Guess who drops back in – it’s Vantine, after the old scow gets disabled chugging down the swamp. Denny warns her not to interfere as he sends Gary and his men out on a month-long surveying mission, making sure Barbara stays behind. Monsoon season is about to arrive, but there’s also a storm brewing between Denny, Barbara, and Vantine…

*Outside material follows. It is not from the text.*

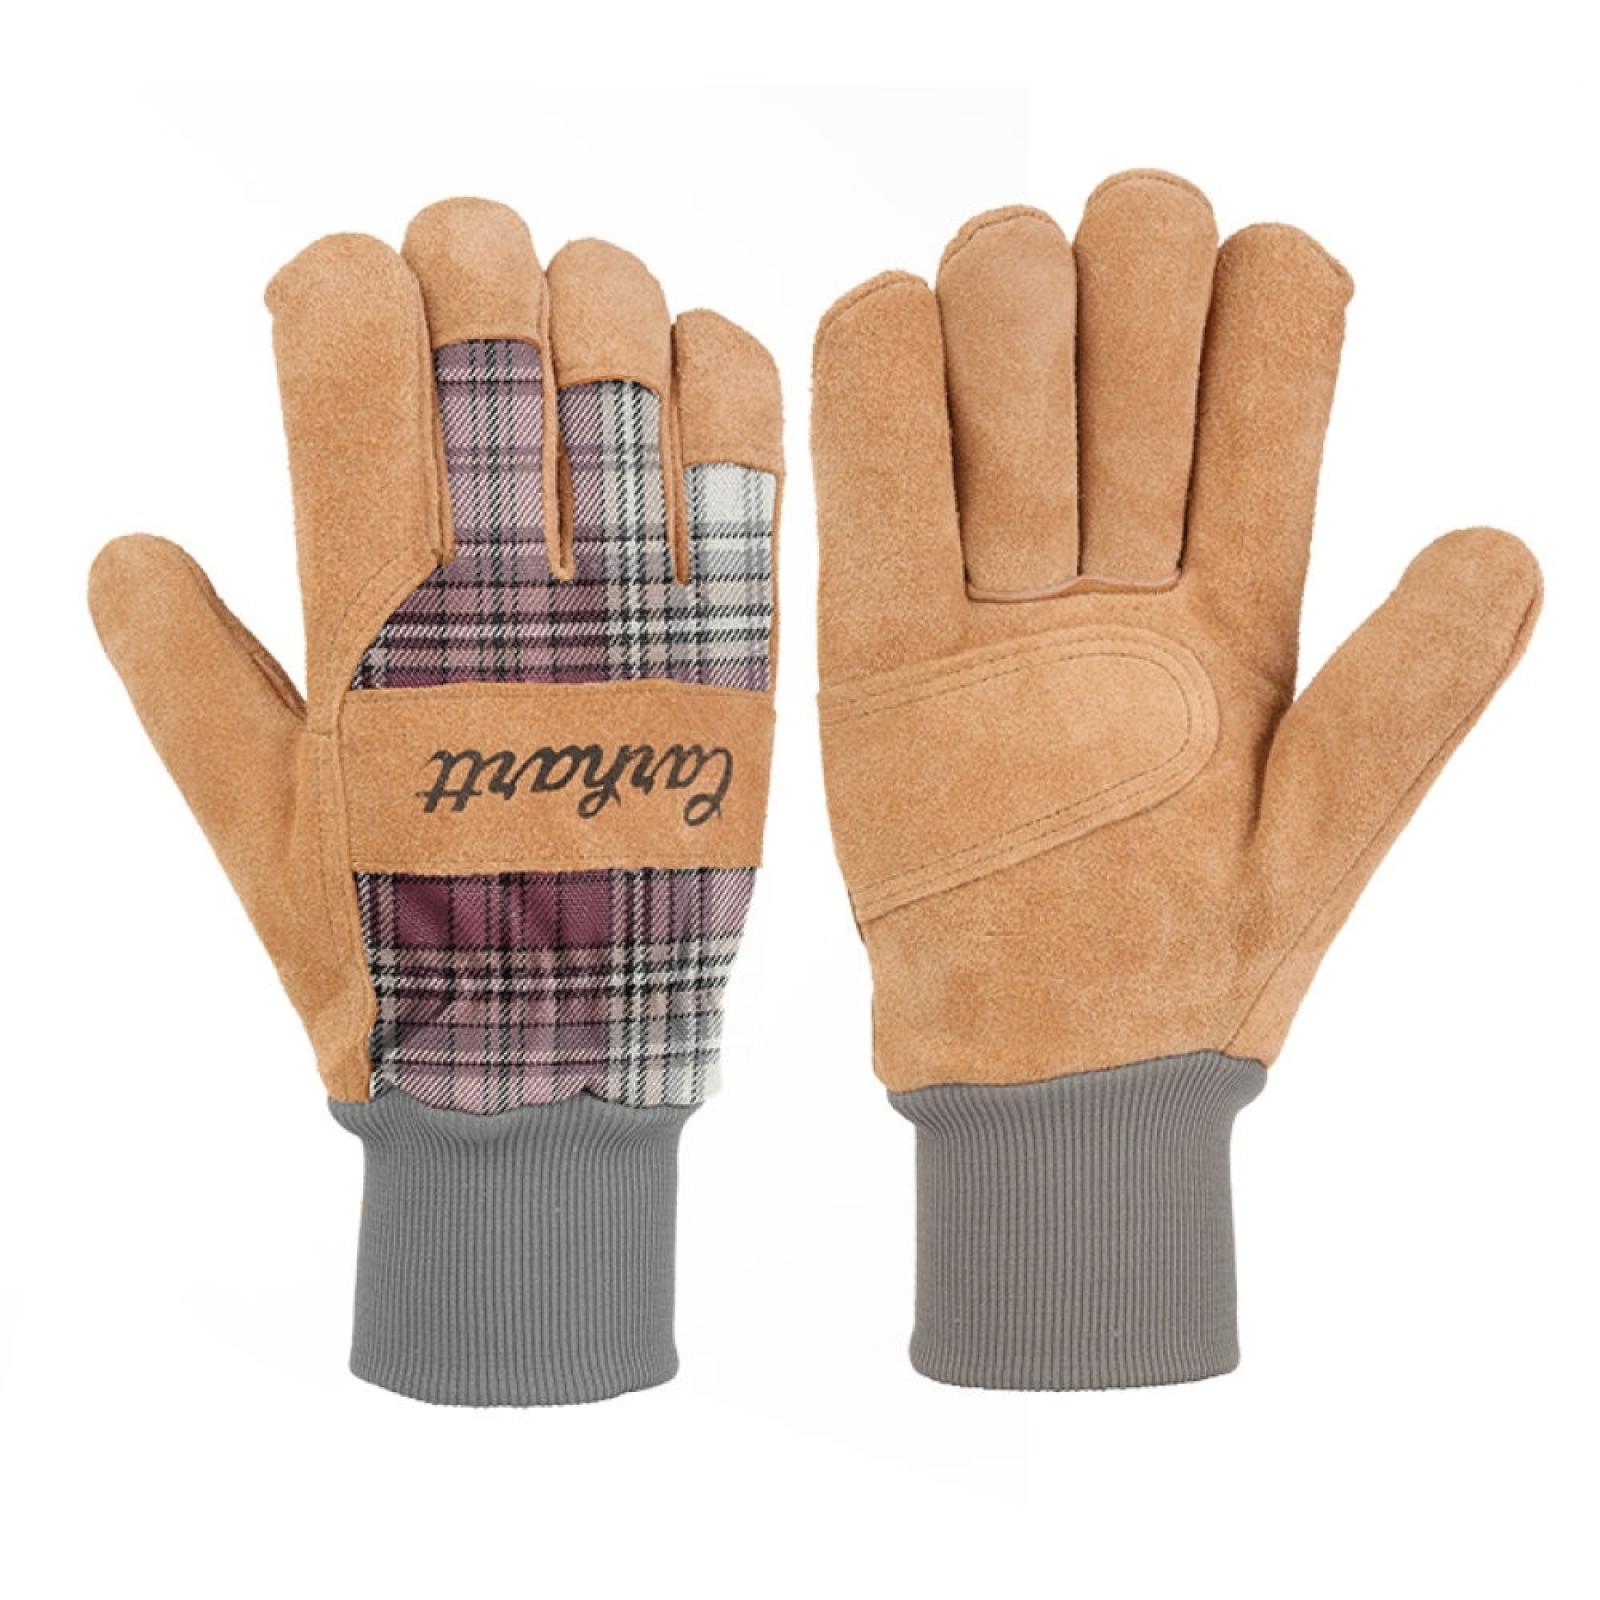 Carhartt Suede Knit-Cuff Work Glove
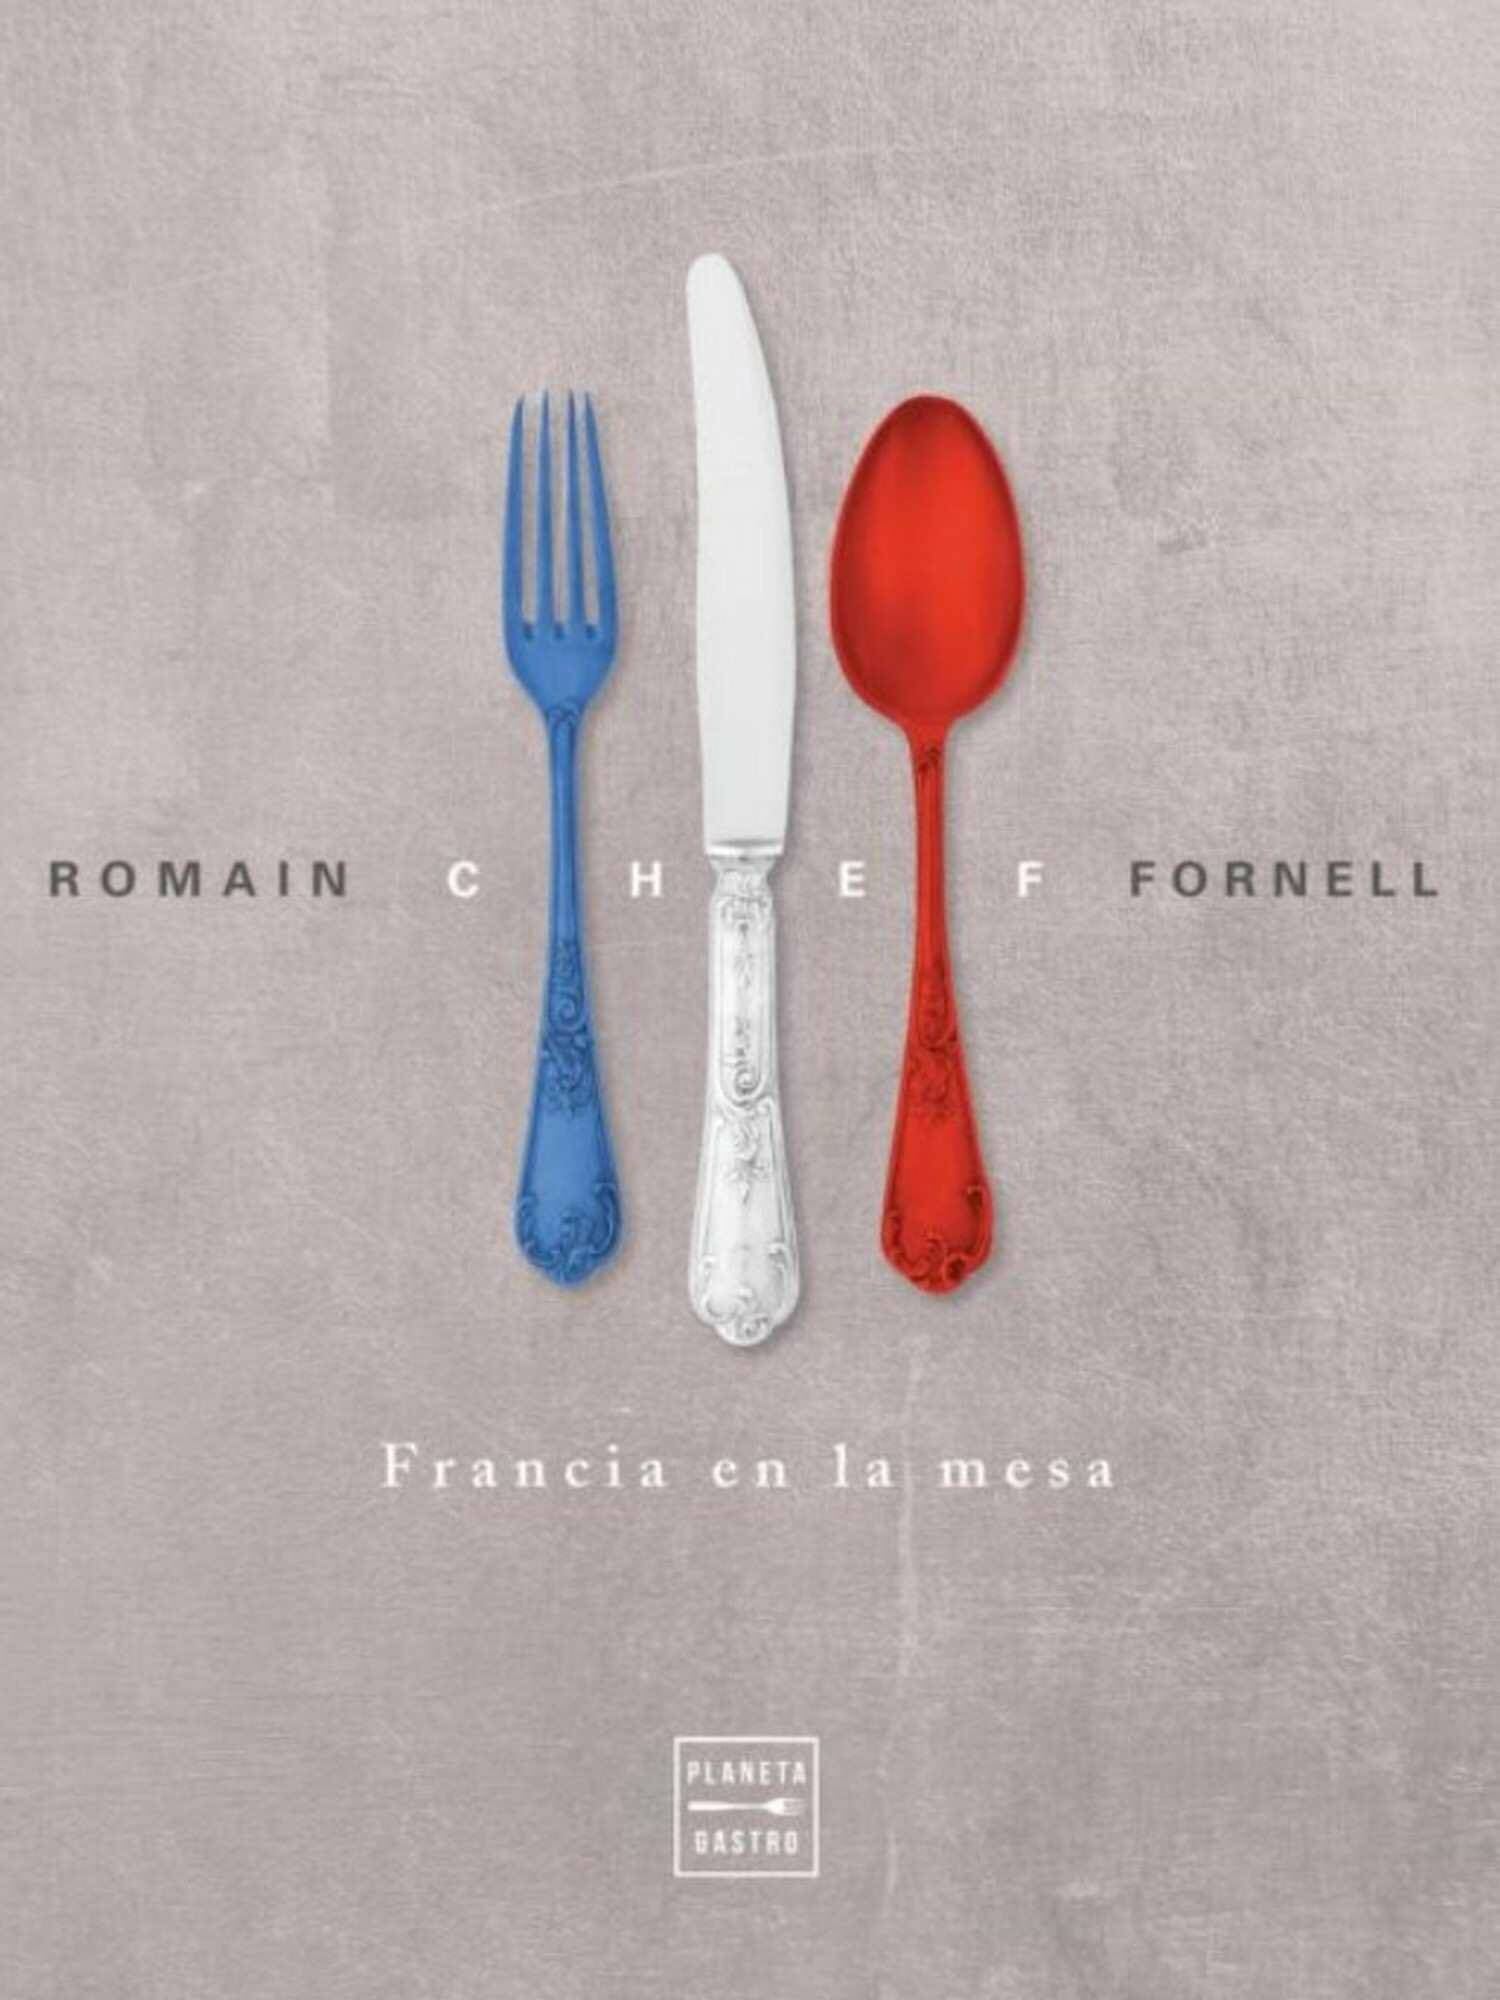 Chef, de Romain Fornell

RED DUST has the justly famous scene with a nude Harlow bathing in a rain barrel, a sequence where she’s flirty, flippant, and a whole lot of fun as Gable tries to keep her from Astor’s prying eyes. Gable and Harlow have such great chemistry together, calling each other ‘Fred’ and ‘Lily’, and their sex appeal is still heating up viewers 80+ years later. The suggestive dialogue is hot as ever, and that final scene where Harlow’s reading Gable a children’s story while he’s recuperating from a gunshot wound (“Hippity-hop, hippity-hop”, she coos while Gable tries to get frisky) is a Pre-Code classic. It’s easy to see why RED DUST put them both in the upper echelons of MGM stardom.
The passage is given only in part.